MacOS, Linux, yadda yadda yadda...
I dont think Linux is a fair comparison really - distro's are combinations of other people's software. I can download the kernel on it's own, or the gnome desktop, or any individual part of the gnome desktop, if I wanted to - source code and all :)

It's difficult really. I do feel for Microsoft, but they're in such a dominant position that it's easy to argue they can affect markets to the detriment of competition - but what's a market? I never really felt that web browsers were a market - with them all being free (as in beer at least) - and IE's market share was falling without regulatory intervention.

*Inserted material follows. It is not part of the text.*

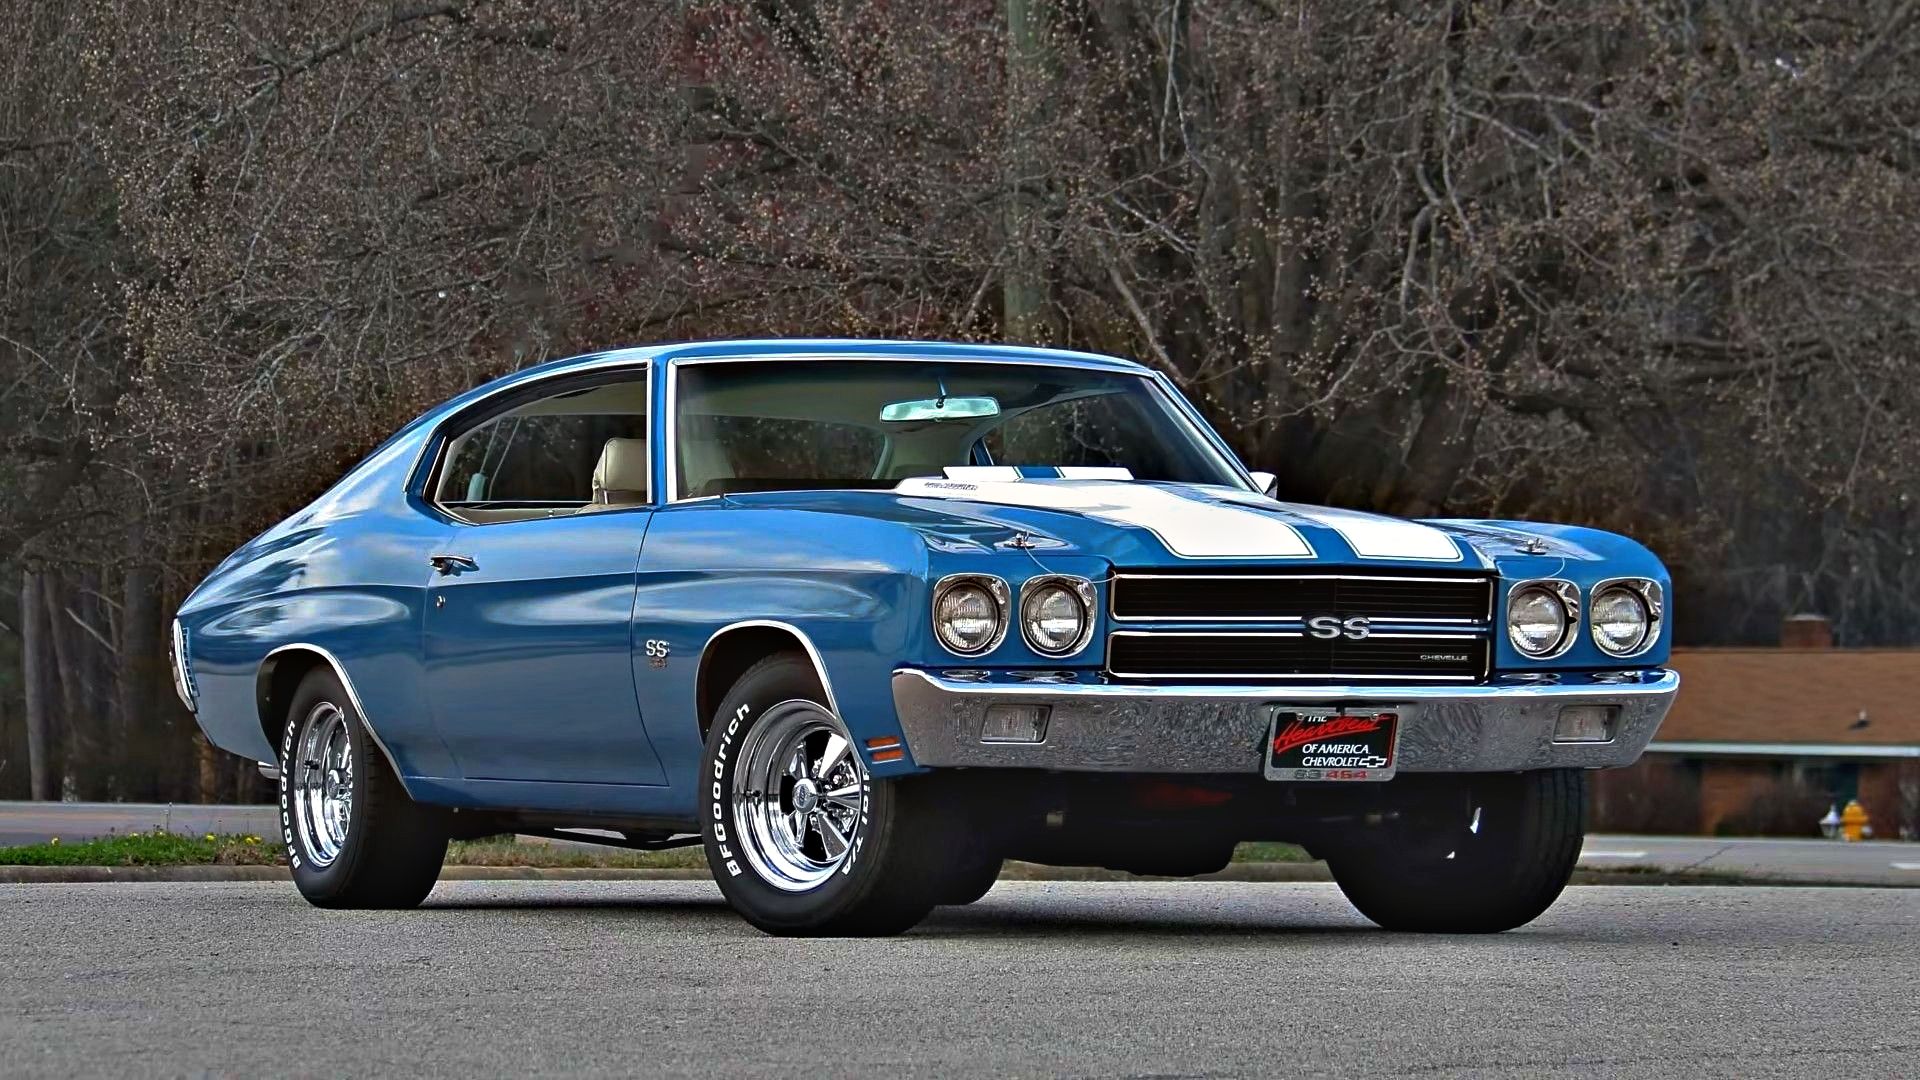 Blue Chevy Chevelle SS 454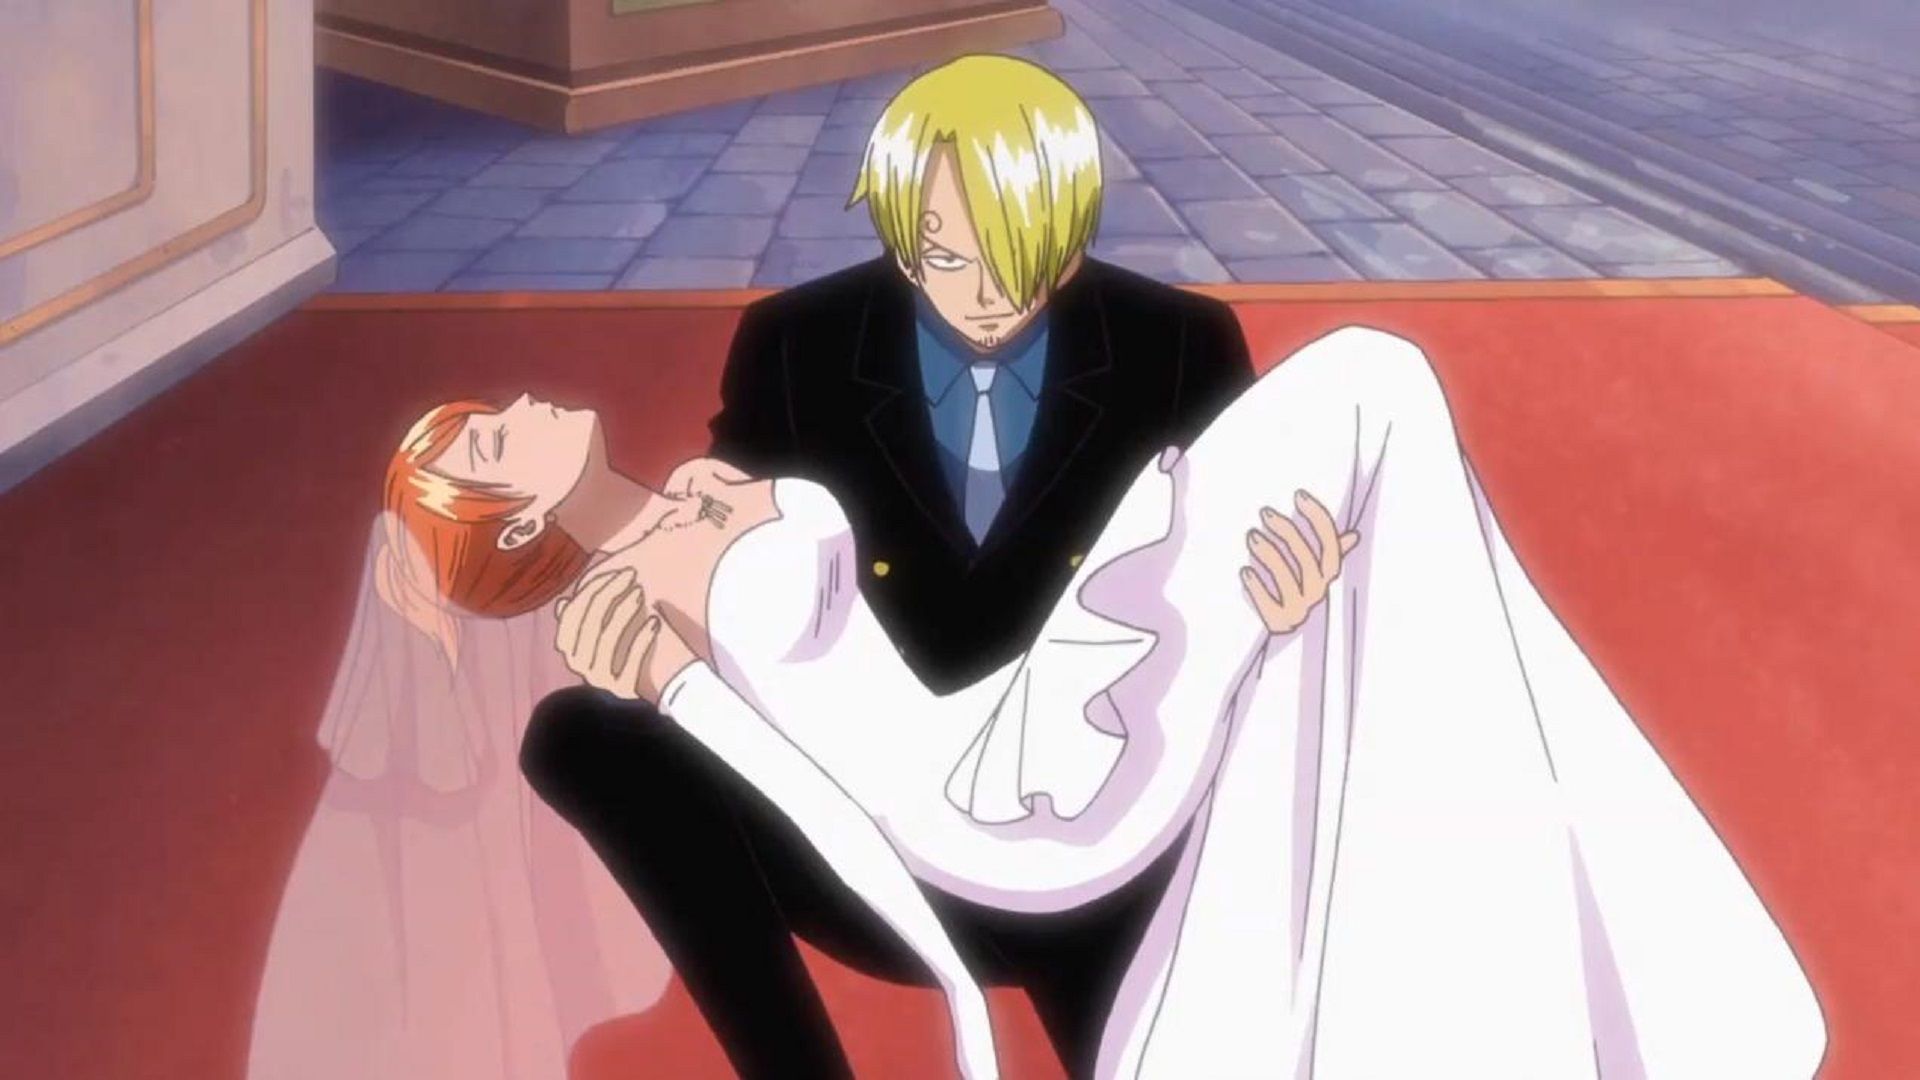 One Piece chapter 1113: Dr. Vegapunk corners the Gorosei as Sanji and Nami spring into action (Image via Toei Animation)

I think it's more important that government makes sure MS complies properly with open standards so there's a level playing field. IE6 still causes so many web dev headaches, though not so much outside of business these days at least. IE7 wasn't much better, IE8 is decent IE9 will be better still - and this was brought about by competition, not EU sanctions/regulations.

Davey_Pitch
22-03-2010, 19:12
Is it possible to create a system image on an external drive as a scheduled task, say once a month or something like that? I'm not worried about doing it on my laptop as I don't keep anything vital on it that would require backing up, but if I get Win 7 on my desktop PC (which has 2 500GB external drives always connected) it could be very handy :)

LeperousDust
22-03-2010, 20:23
Yep thats all really easy to set up, esp if you keep in connected. Windows isn't so good if you regulary have the drive disconnected. It just doesnt do anything about it. And then i suddenly have "1 issue" next time i restart, i'd much rather it politely ask me to plug the drive i usually use in or postpone backup... I need to set my server up again, wifi backups where much nicer...

Admiral Huddy
23-03-2010, 10:28
It does a decent job and pretty quickly too.

I still prefer instant access to my personal data backups rather than wrapped in an application extension. However, once a month I backup an entire image of the system to external HDD and create a rescue disk. I still use SyncBackSE for daily backups of personal data to a separate internal HDD.